● **What you should do**
In the records below, the lines between the one holding "Kungliga Operan ska" and the one holding "RAL 095 50 50", inclusive, are to be transcribed exactly; no pictures are to be included.

● **Records provided**

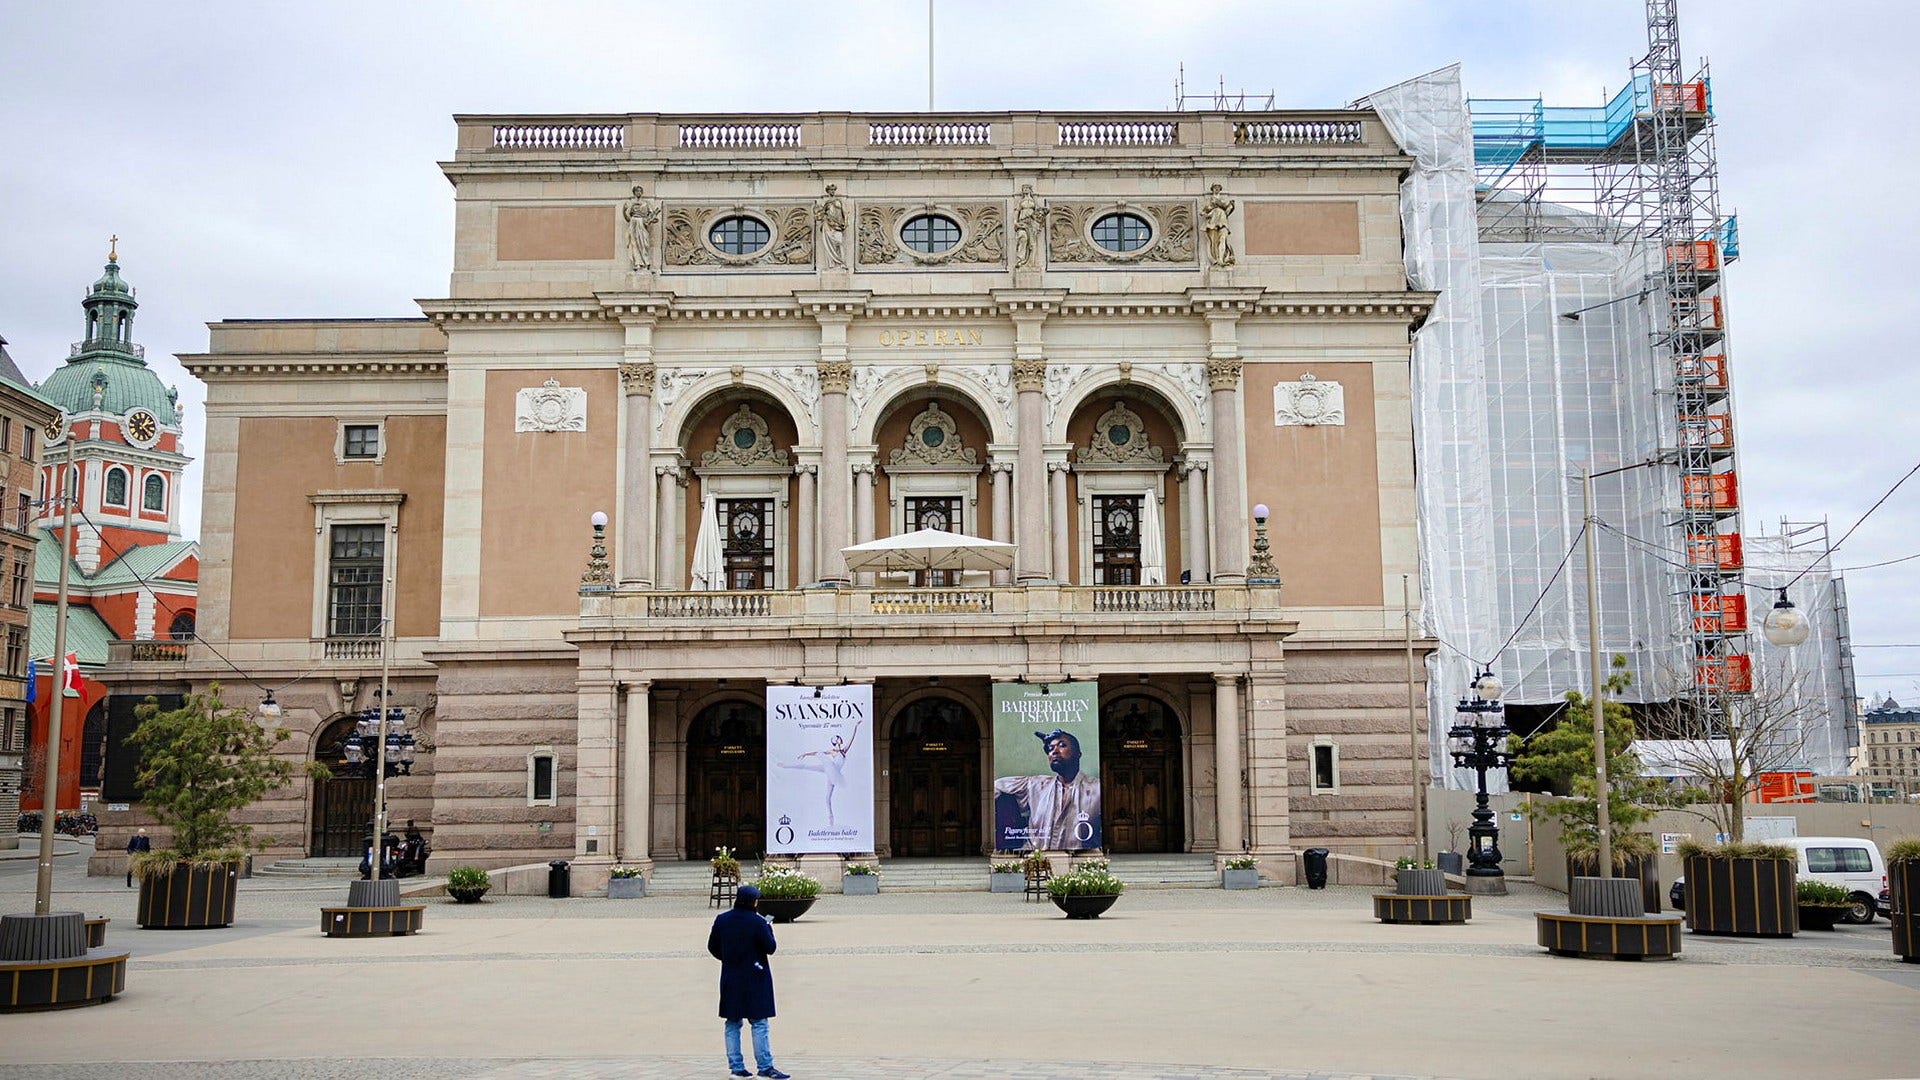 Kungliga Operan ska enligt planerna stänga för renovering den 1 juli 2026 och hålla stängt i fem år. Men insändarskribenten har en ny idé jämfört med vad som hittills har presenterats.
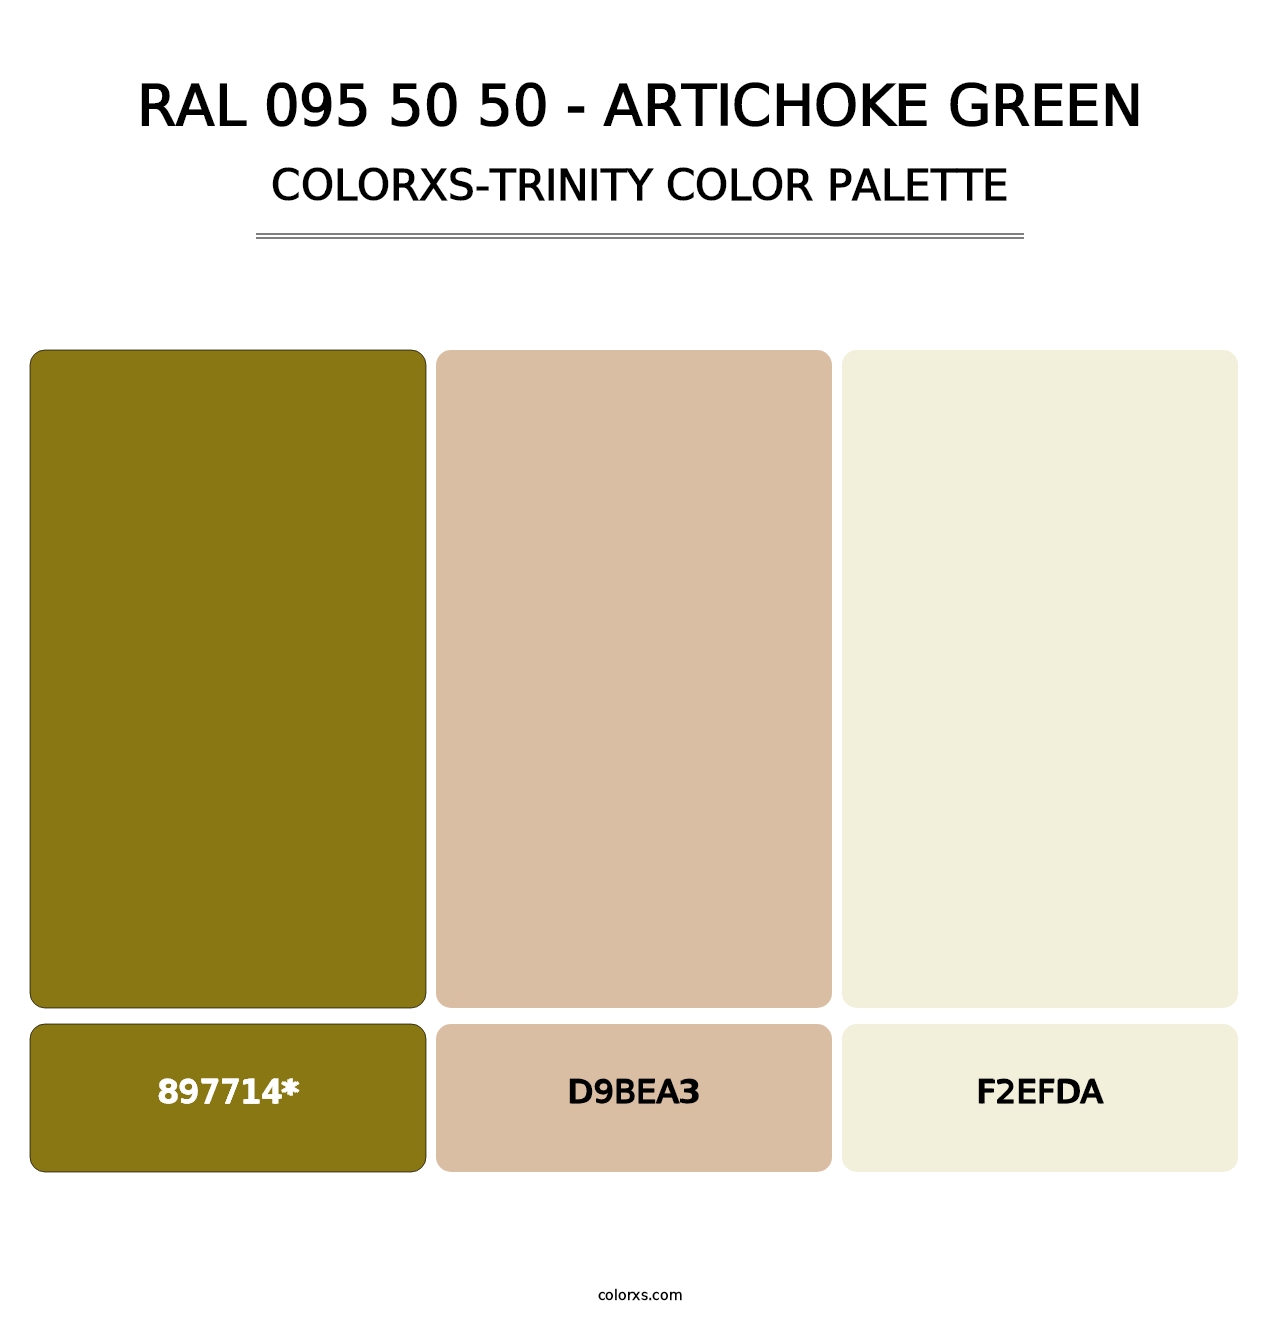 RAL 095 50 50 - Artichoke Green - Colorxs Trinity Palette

--

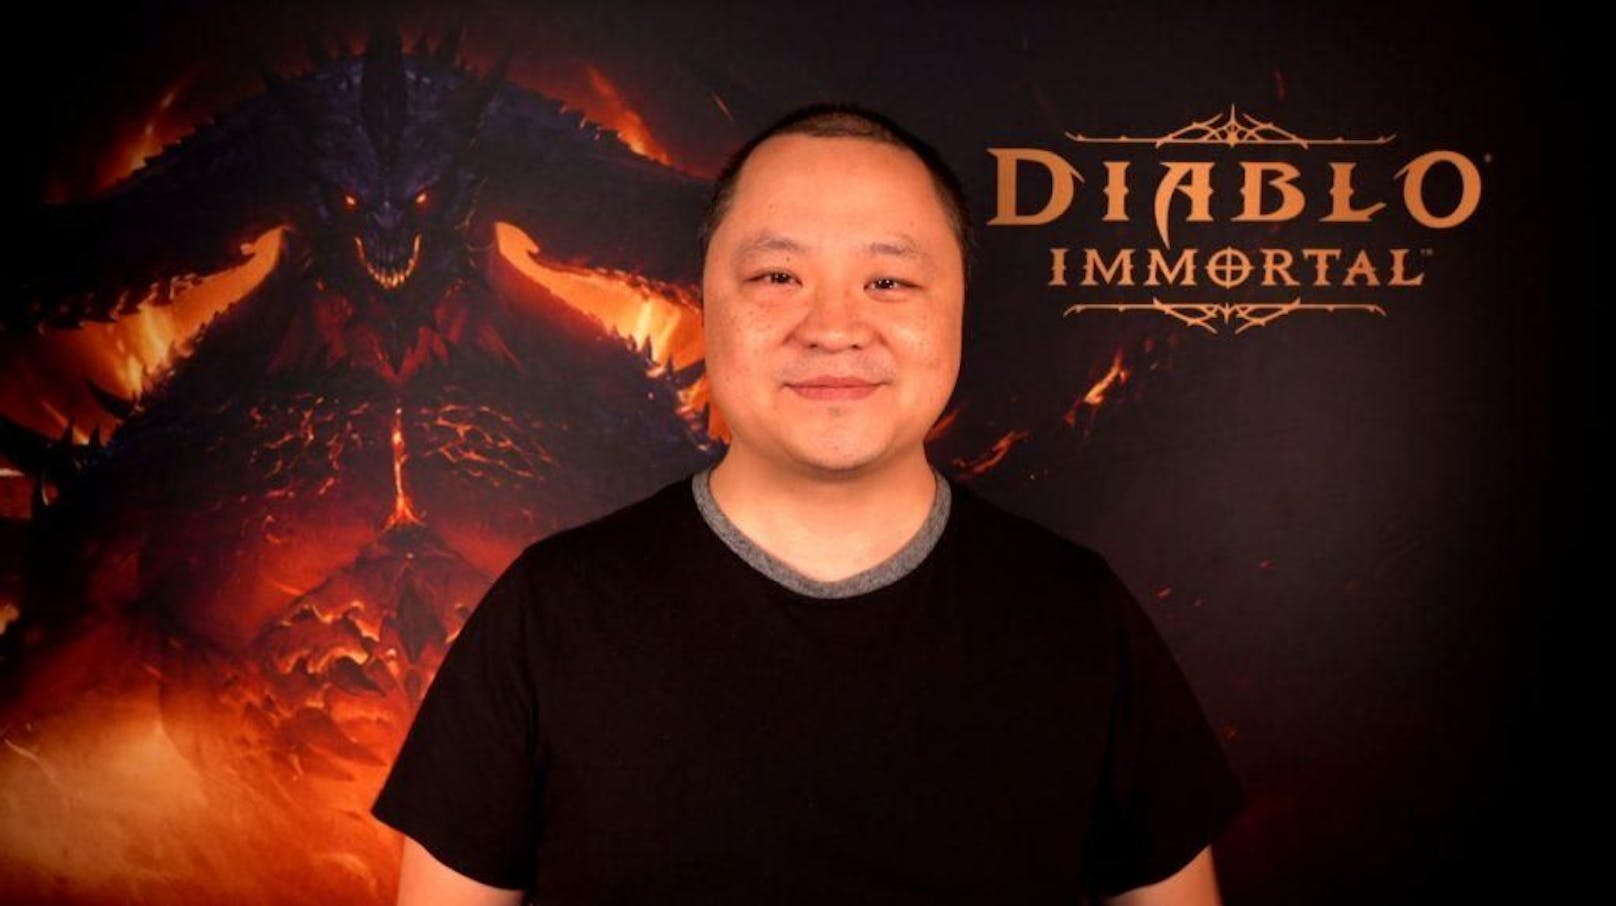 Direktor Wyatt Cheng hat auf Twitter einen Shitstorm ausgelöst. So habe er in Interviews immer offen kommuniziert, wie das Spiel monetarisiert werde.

● **Task response**
 Kungliga Operan ska enligt planerna stänga för renovering den 1 juli 2026 och hålla stängt i fem år. Men insändarskribenten har en ny idé jämfört med vad som hittills har presenterats.
 RAL 095 50 50 - Artichoke Green - Colorxs Trinity Palette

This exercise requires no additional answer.